There was nothing she could say to calm him down. She knew because she’d tried. “Wade, don’t be ridiculous.”

“Right, I’m ridiculous. I’m no McGraw, am I?”

“I married you.”

“Only because you couldn’t have Ledger.”

She would try to hug him and he would shove her away, balling his hands into fists. “You never got over him. That’s what’s wrong with our marriage. You’re still yearning for him. I can see it in your eyes.”

He would shove her or grab her, wrenching her arm. It would always end with him hurting her and then being sorry. He would berate himself, loathing that he was now like his father. He would promise never to do it again, beg her forgiveness. Plead with her not to leave him.

And each time, she would forgive him, blaming herself for setting him off. Then they would make love and it would be good between them for a while.

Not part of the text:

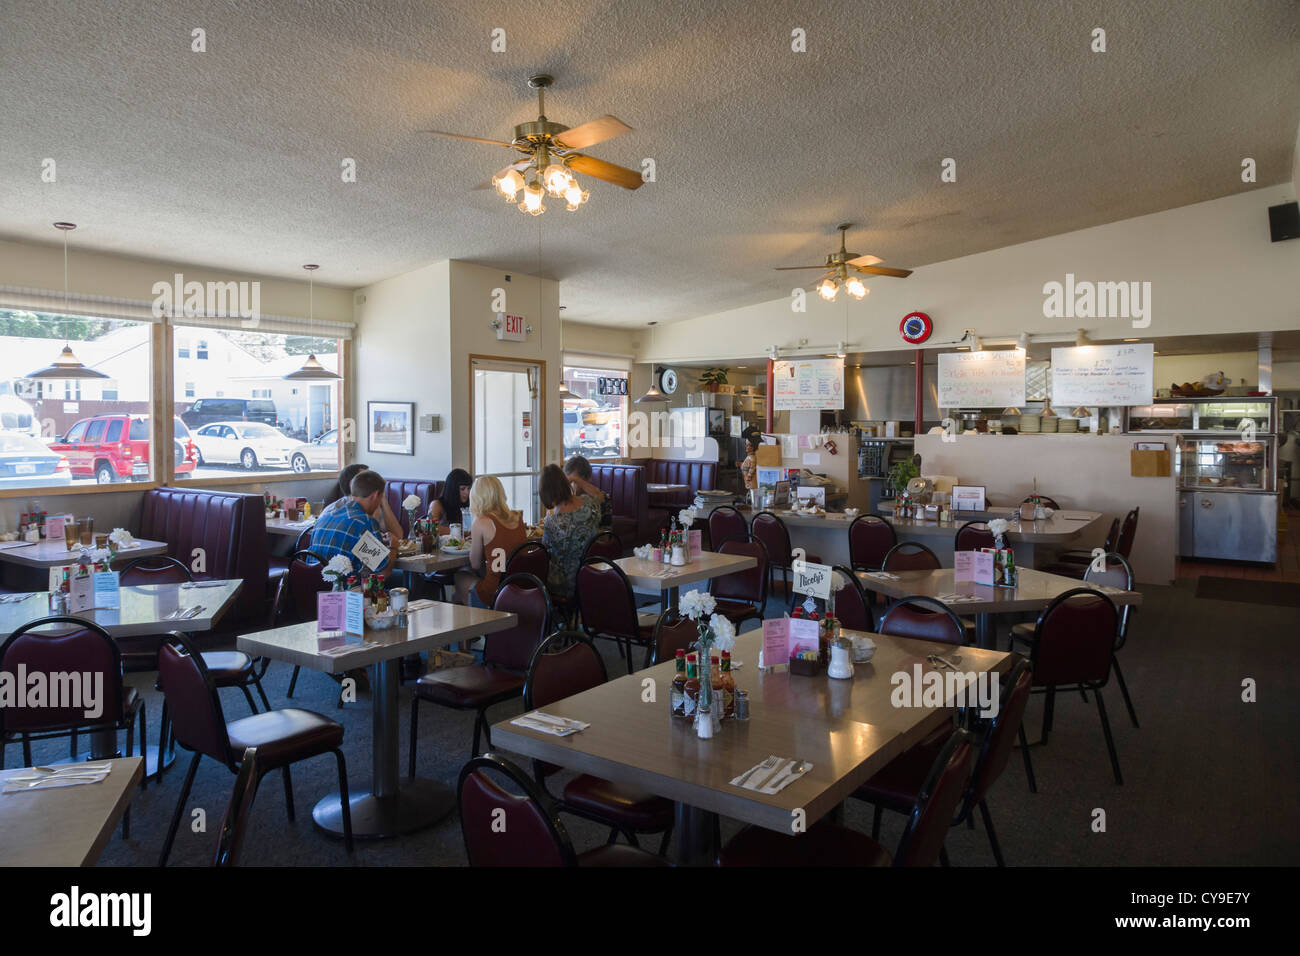 Nicely's Diner, Lee Vining, California - a traditional highway stop on Route 395 near Mono Lake and the Tioga Pass to Yosemite. Stock Photo

At least, that was the way it used to be. Lately, it took nothing to set Wade off. And there was no pleading for forgiveness or any making up afterward.

“It isn’t like anyone else wanted to marry you,” her mother told her when she’d seen Abby wince from one of Wade’s beatings. Her mother loved to rub salt in the wounds. “It’s plain to see that you aren’t making him happy. You’d better do whatever it takes or he’s going to dump you for a woman who will. Then where are you going to be? Divorced. Left like a bus at the Greyhound bus station. No man will want you then.”

Abby had bit her lip and said nothing. She’d made her bed and now she had to lie in it. That was her mother’s mantra.

“And stay clear of that McGraw,” her mother had warned. “Men always want you when you’re with someone else. But the minute they get you, they lose interest. So don’t be thinkin’ the grass is greener with him. You already know you can’t trust him. Look how he broke your heart. Just be glad Wade was willing to marry you since you weren’t exactly white-wedding-dress material, now, were you?”

Now she stared at the back of her husband’s head for a moment, then padded barefoot back to bed. If only she could remember how she’d gotten hurt. She had a feeling that would have answered all of her questions about what was happening with her husband.

* * *

“ABBY’S STARTING TO REMEMBER,” Wade told his father the next day. He’d been relieved that he had to work. The last thing he wanted to do was sit around with her. He felt as if he was going to come unraveled at the seams as it was. She knew she hadn’t fallen off a ladder. He saw it in her eyes and said as much to Huck.

“So what? It isn’t like she’s going to tell anyone,” his father said. “If she was going to do that, she would have done it a long time ago.”

“She’s going to leave me.”

Huck swore. “She would have done that a long time ago, too. She’s fine. It’s you I’m worried about.”

“Everyone knows.” As he’d wheeled Abby out to his patrol car parked at the emergency entrance, he’d seen the way the nurses were looking at him. Everyone knew now that he was his father’s son—a bastard who mistreated his wife. He was thankful he and Abby hadn’t had a kid. What if he took his anger inside him out on his own son?

“Snap out of it!” his father barked as they stood talking by their patrol cars. “You’re in the clear.”